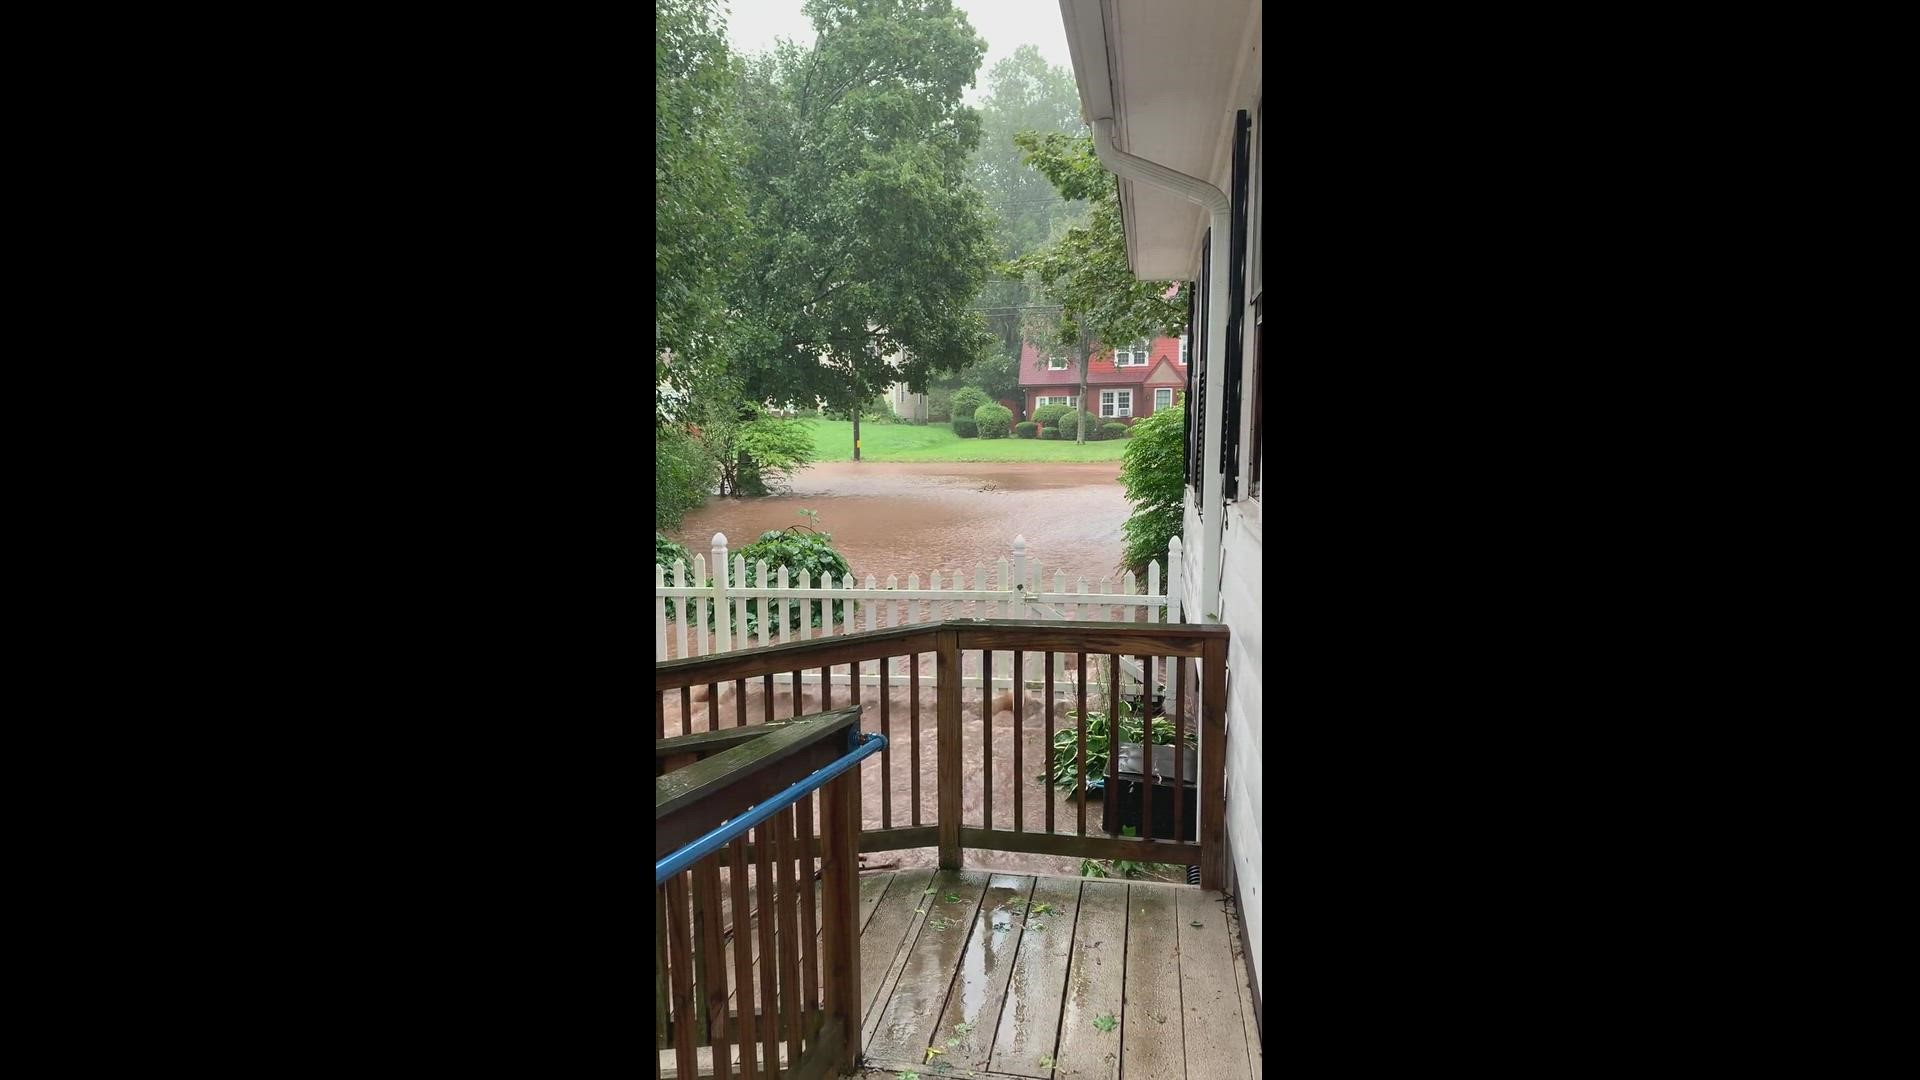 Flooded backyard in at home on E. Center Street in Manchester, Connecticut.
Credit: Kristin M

--

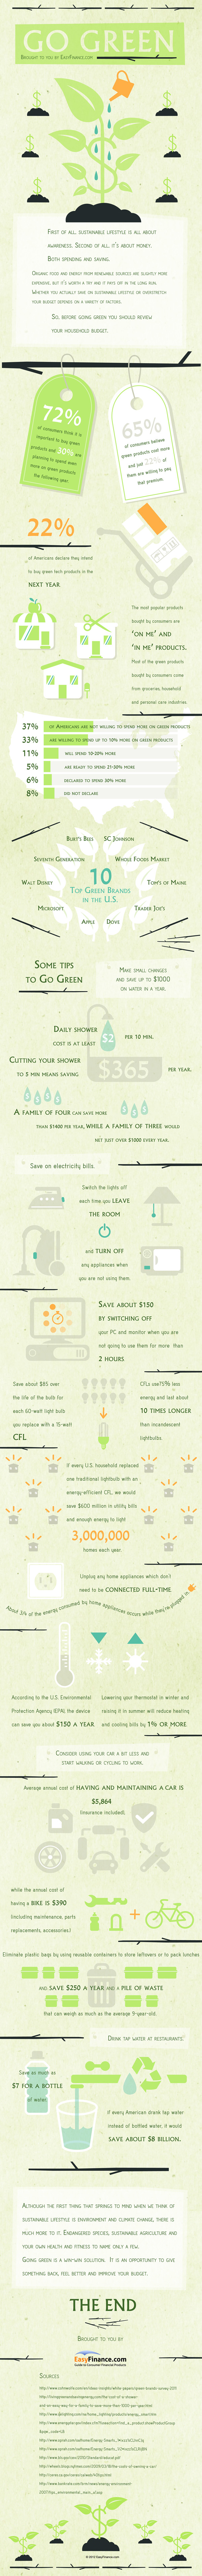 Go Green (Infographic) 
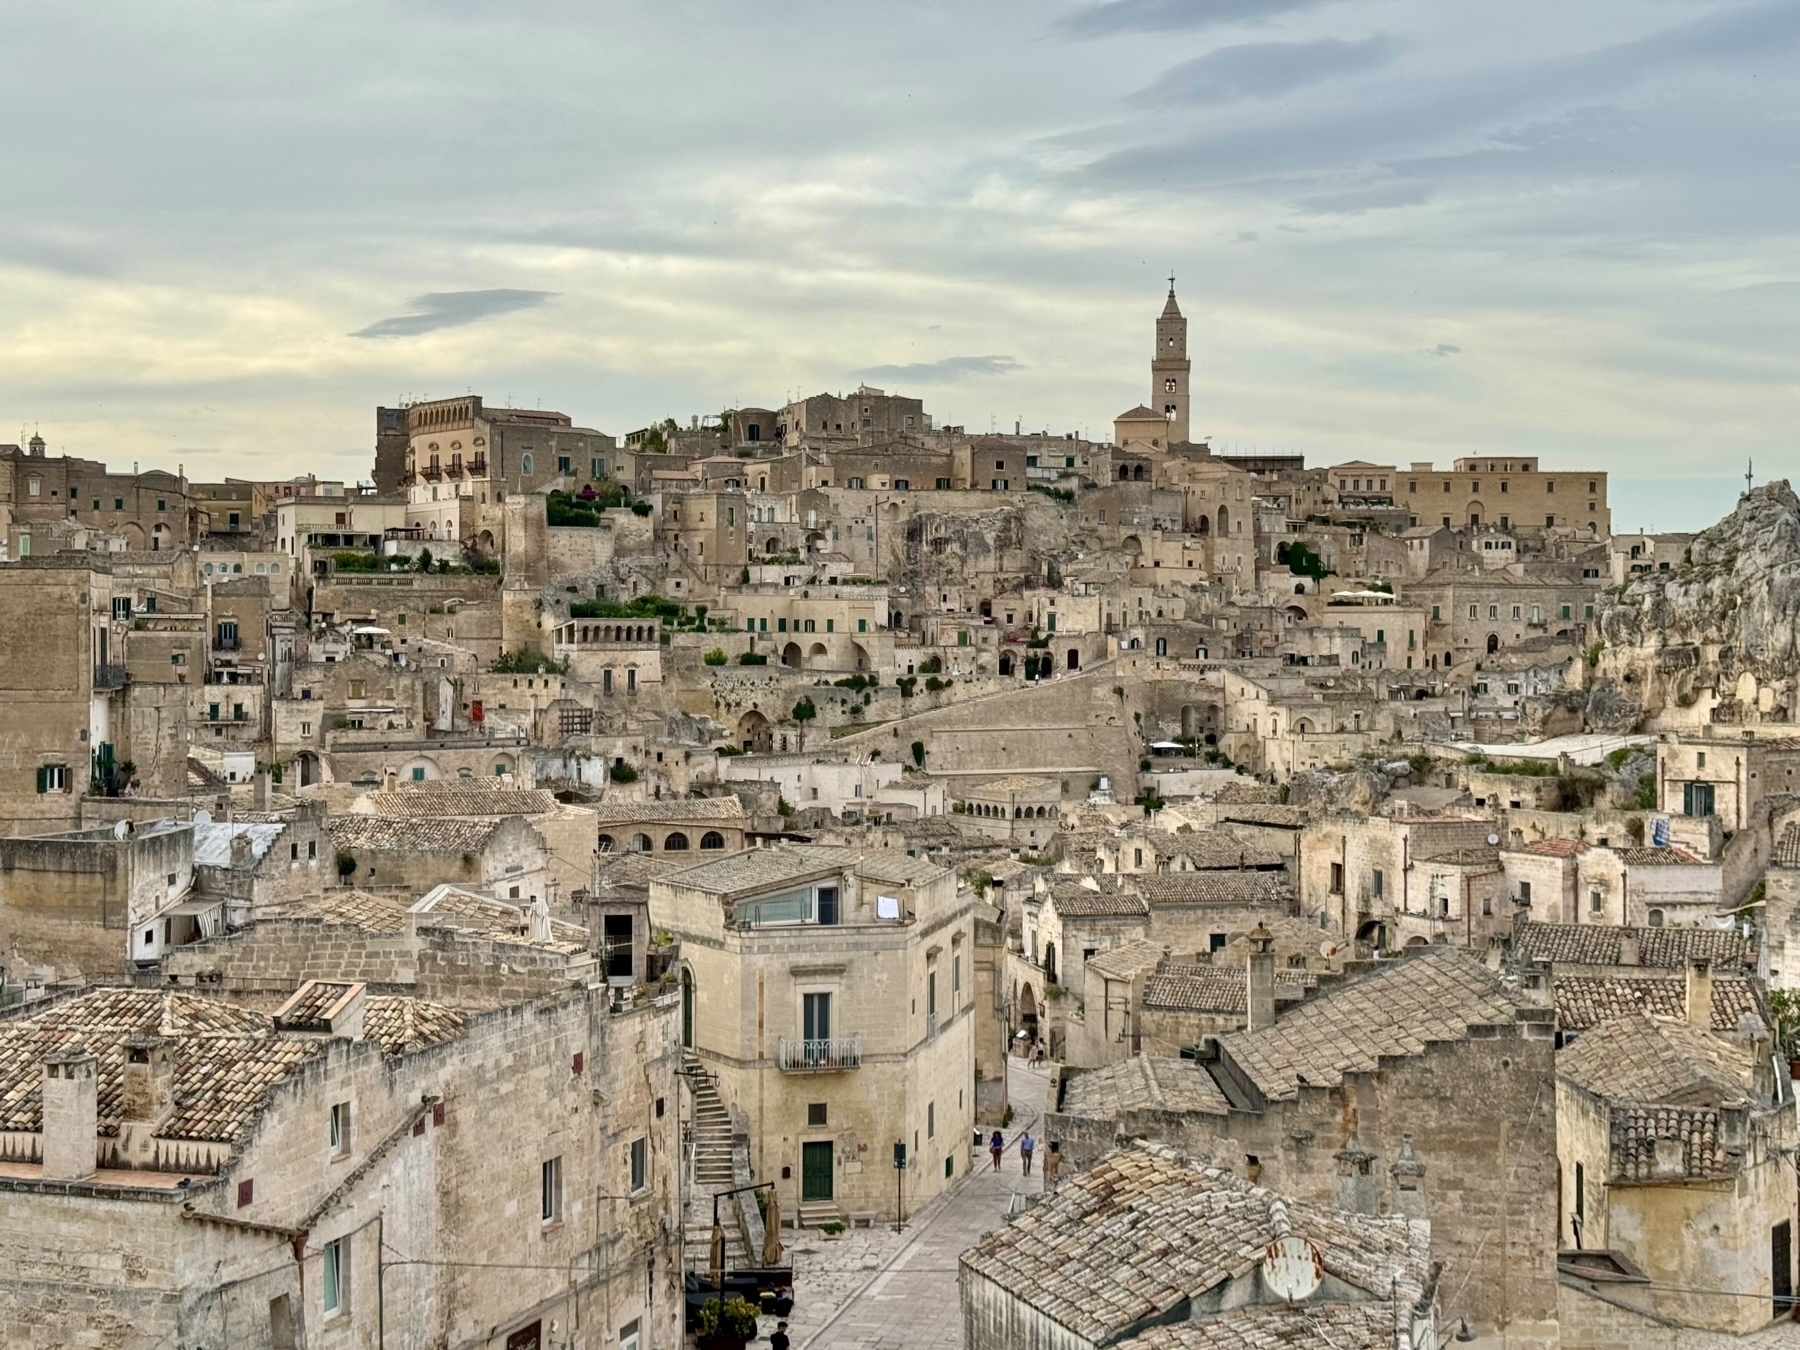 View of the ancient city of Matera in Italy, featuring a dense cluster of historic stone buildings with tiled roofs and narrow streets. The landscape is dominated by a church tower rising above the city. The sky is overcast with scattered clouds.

▶ [Required action]:
Please repeat, exactly as written, the lines in the records above, starting with the one that has "Go Green (Infographic)" and going on through the one that has "View of the". Pictures are to be left out.

▶ [Exercise result]:
 Go Green (Infographic) 
 View of the ancient city of Matera in Italy, featuring a dense cluster of historic stone buildings with tiled roofs and narrow streets. The landscape is dominated by a church tower rising above the city. The sky is overcast with scattered clouds.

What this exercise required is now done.